* [Exercise directions]
Copy all data exactly. Skip pictures.

* [Material provided]

__________

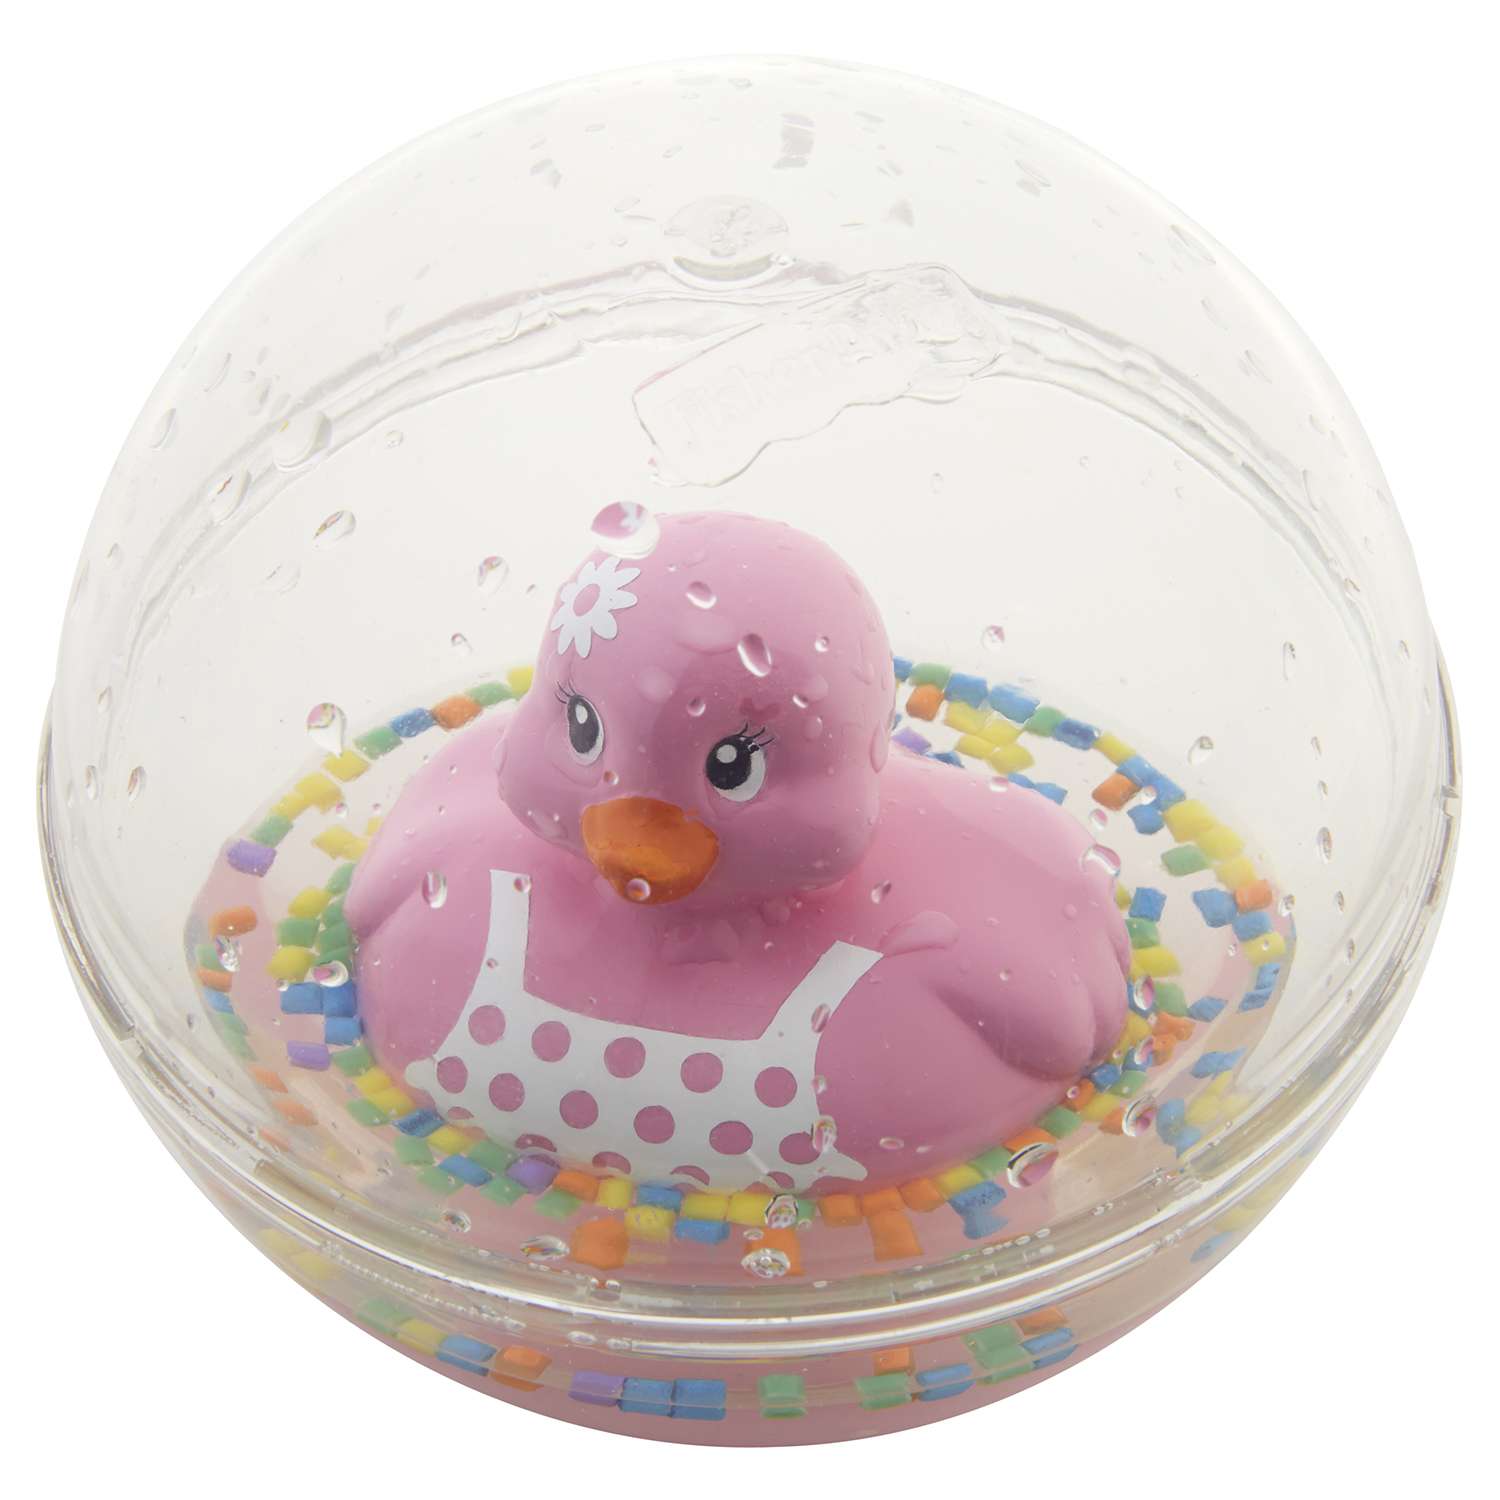 Шар Fisher Price с плавающей игрушкой Утка Розовая DRD82 - фото 1
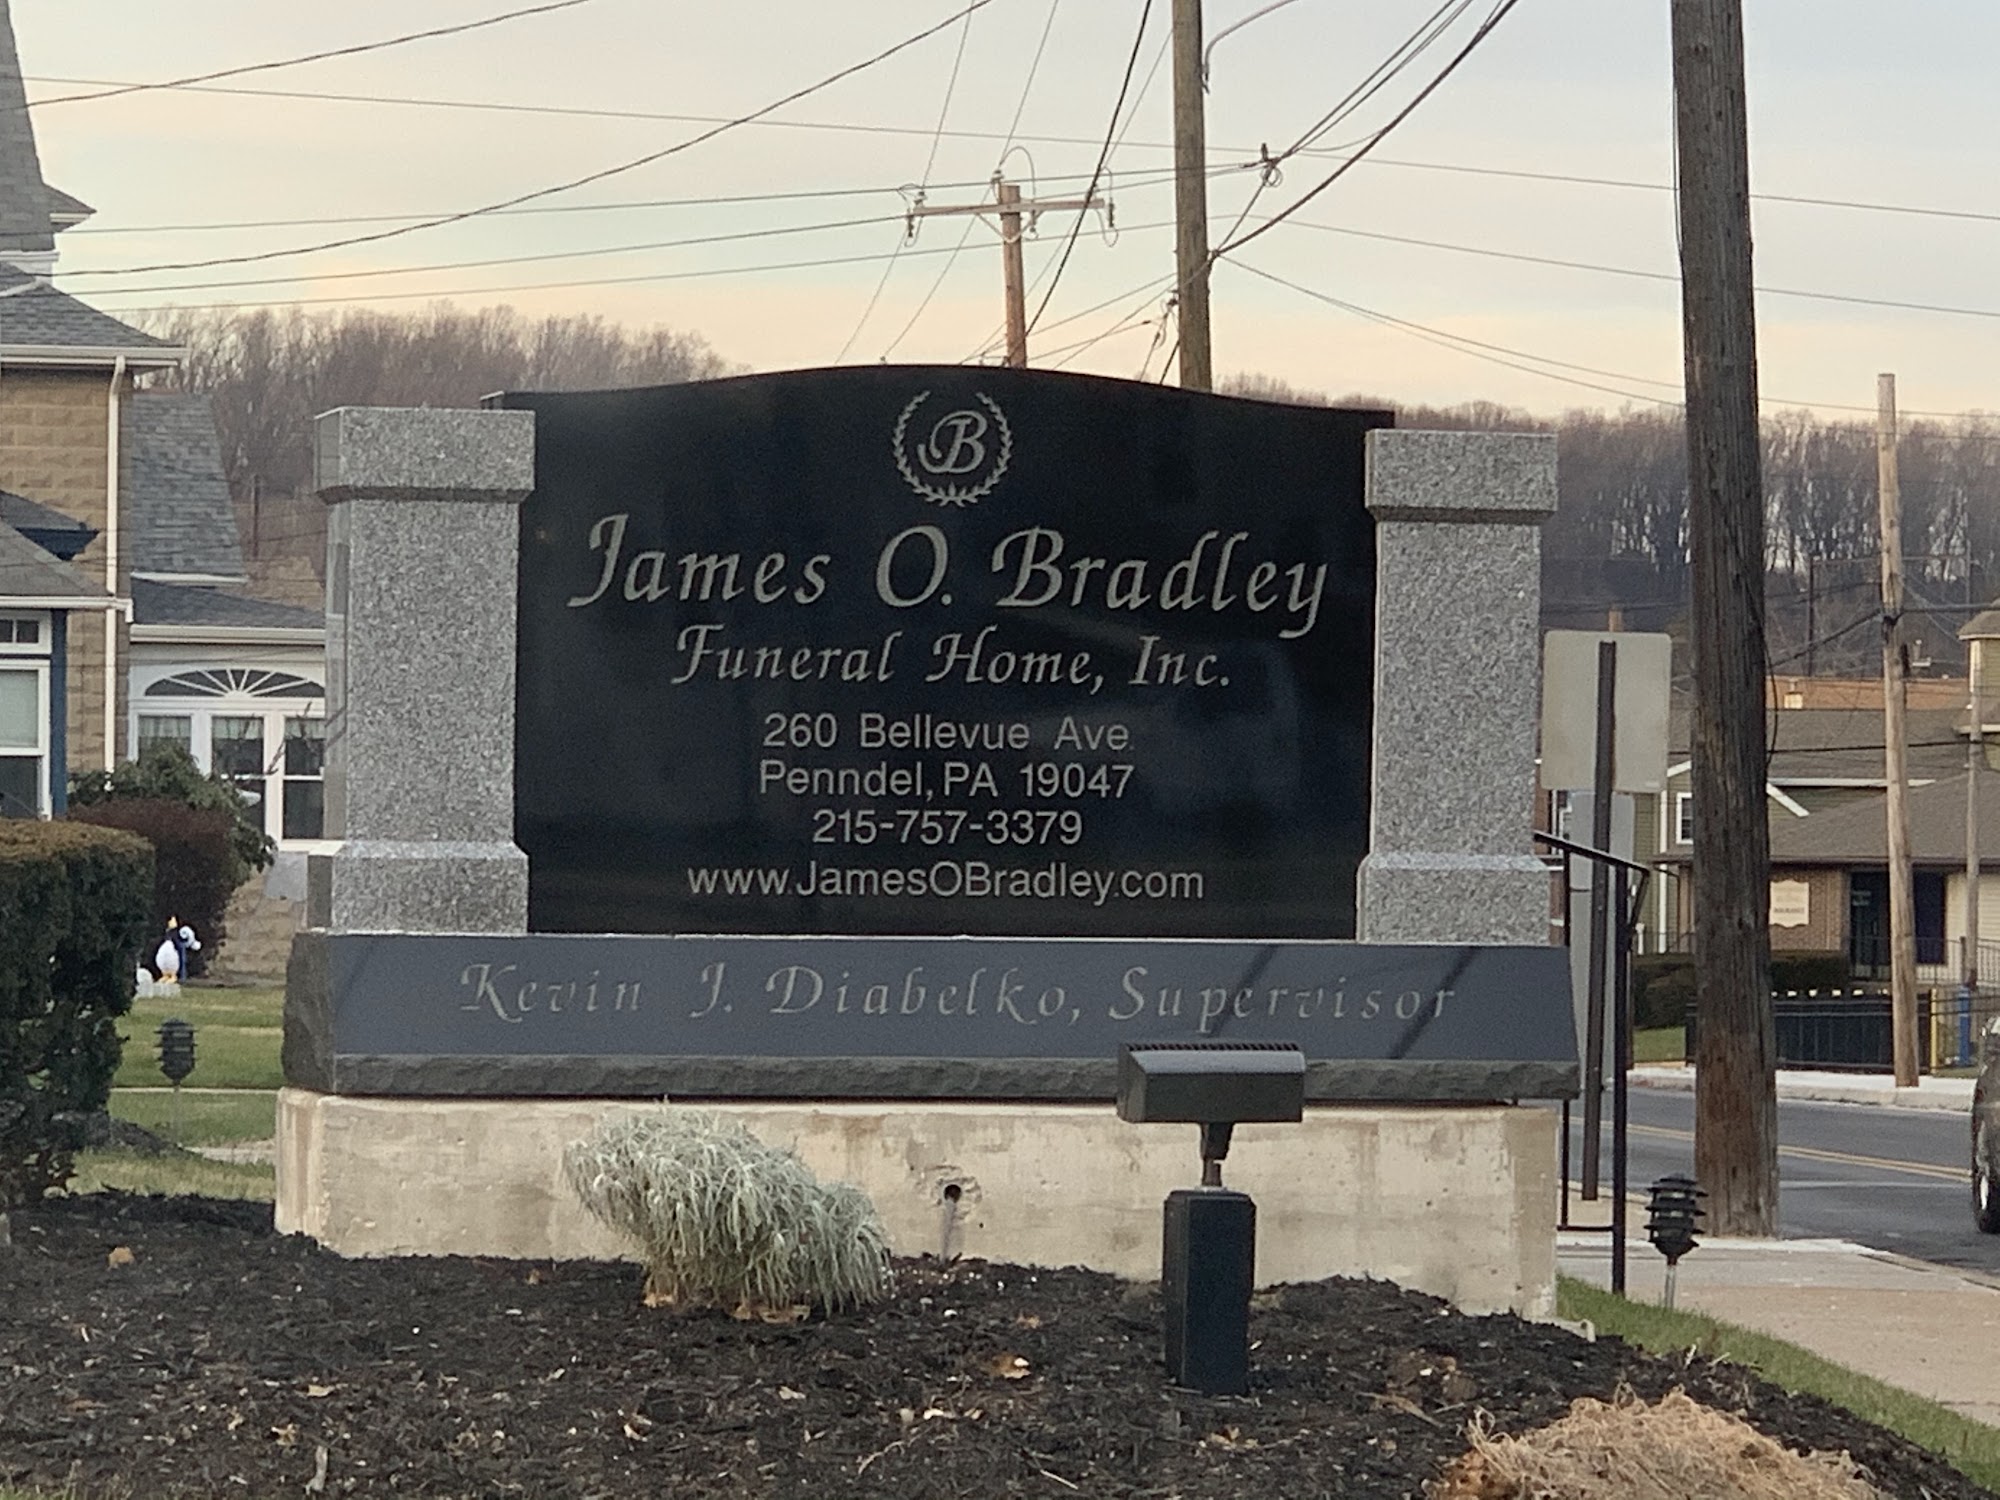 James O. Bradley Funeral Home 260 Bellevue Ave, Penndel Pennsylvania 19047
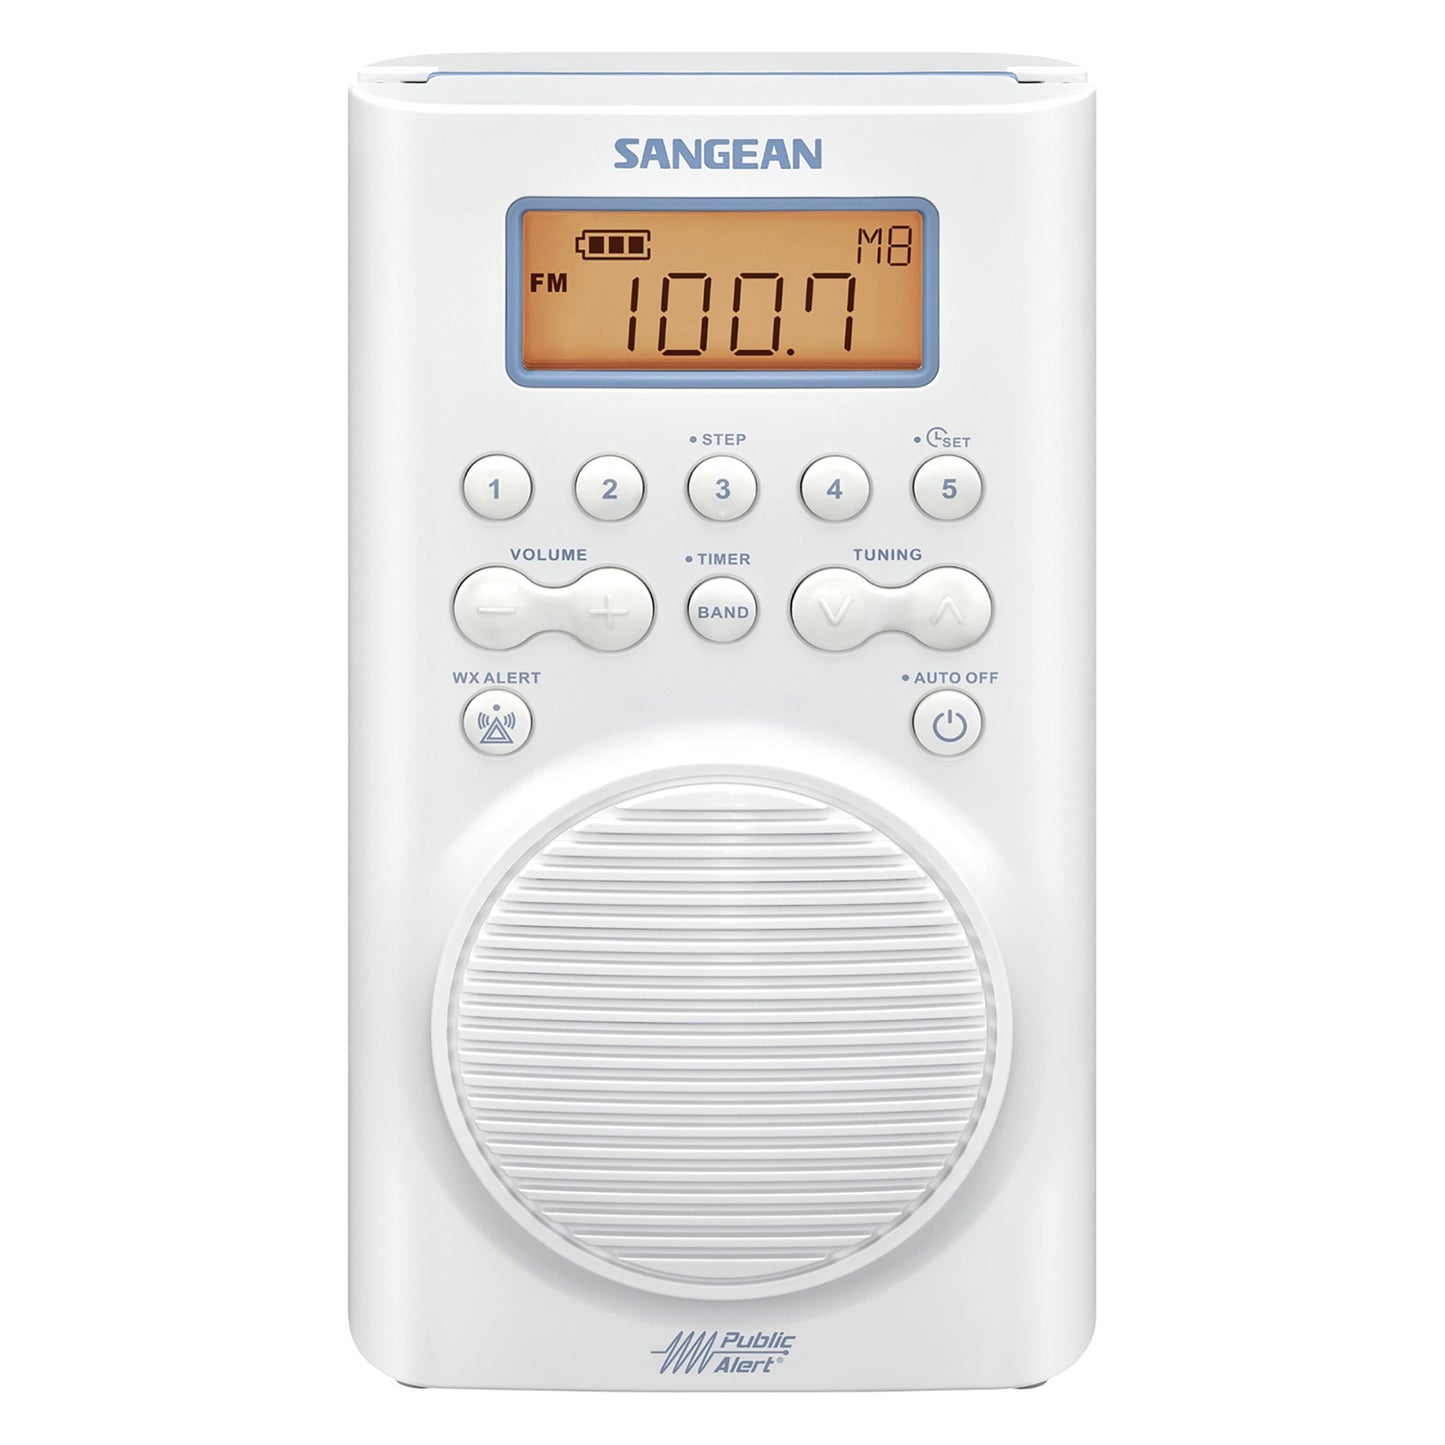 SANGEAN SNGH205 Portable 3-Band AM/FM Waterproof Shower Clock Radio
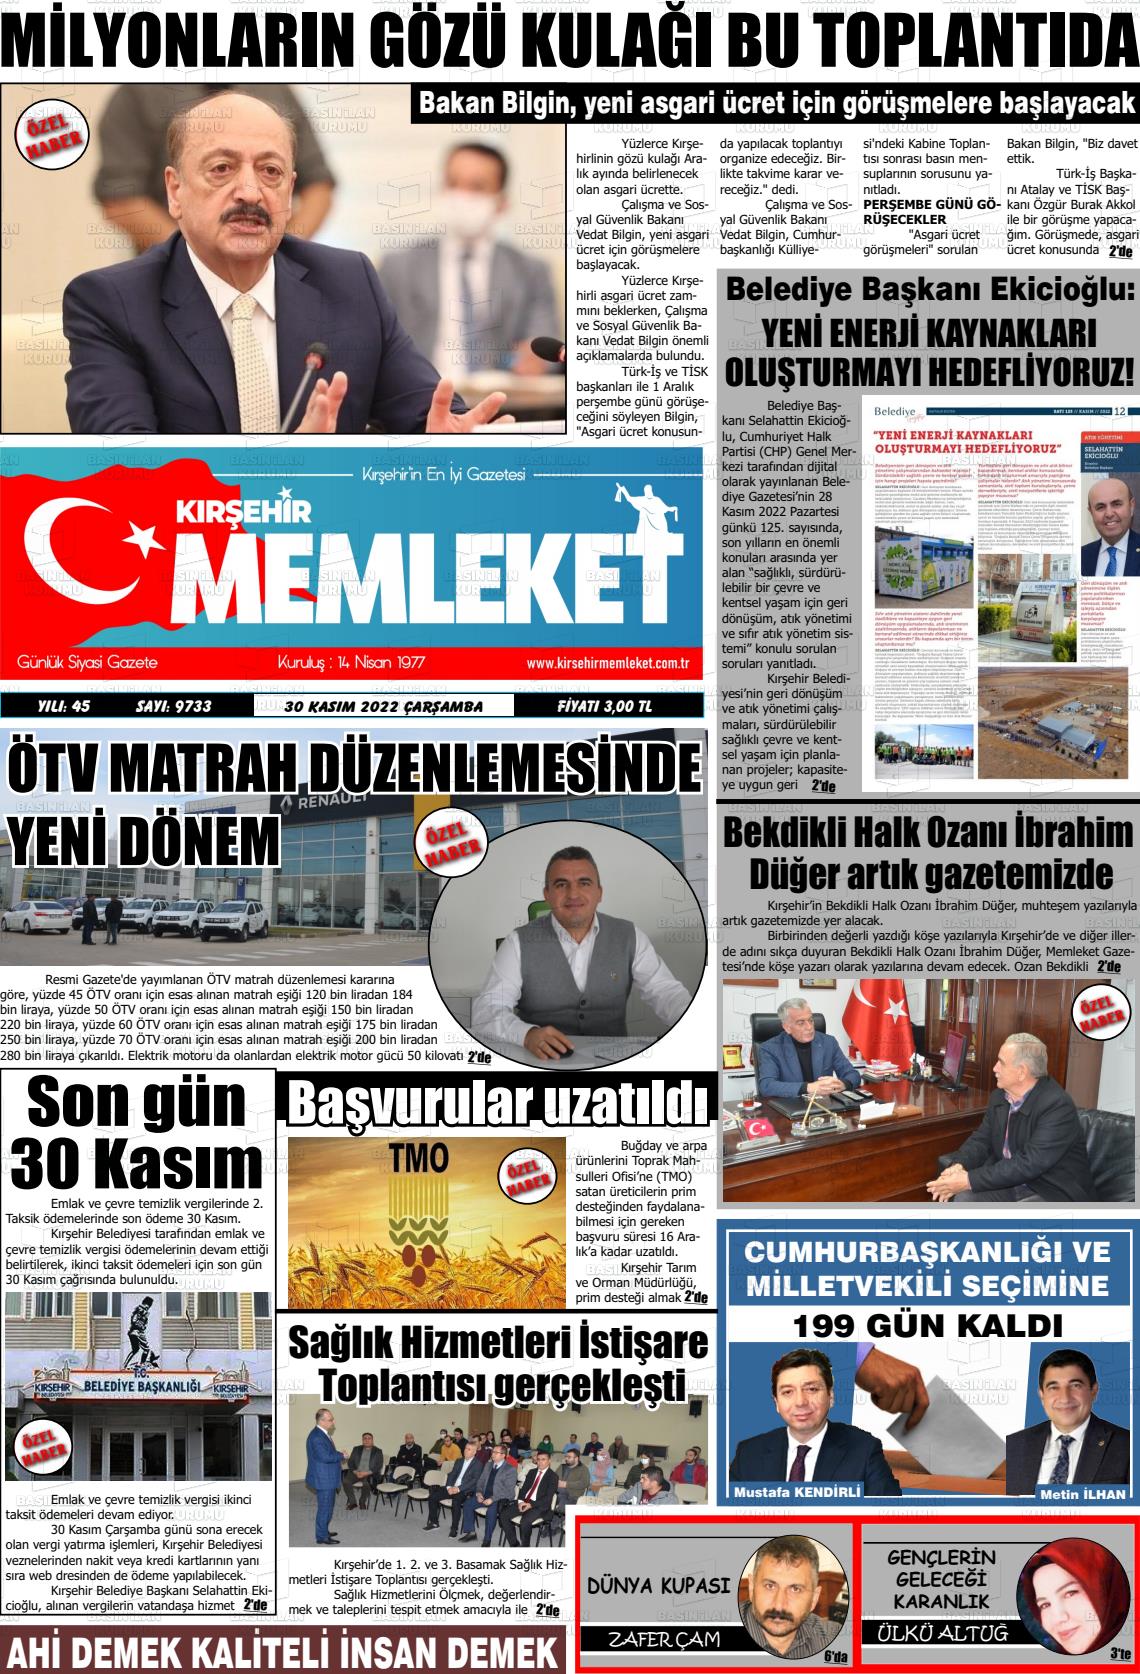 30 Kasım 2022 Kırşehir Memleket Gazete Manşeti

__________

* [Task response]
 Шар Fisher Price с плавающей игрушкой Утка Розовая DRD82 - фото 1
 James O. Bradley Funeral Home 260 Bellevue Ave, Penndel Pennsylvania 19047
 SANGEAN SNGH205 Portable 3-Band AM/FM Waterproof Shower Clock Radio
 30 Kasım 2022 Kırşehir Memleket Gazete Manşeti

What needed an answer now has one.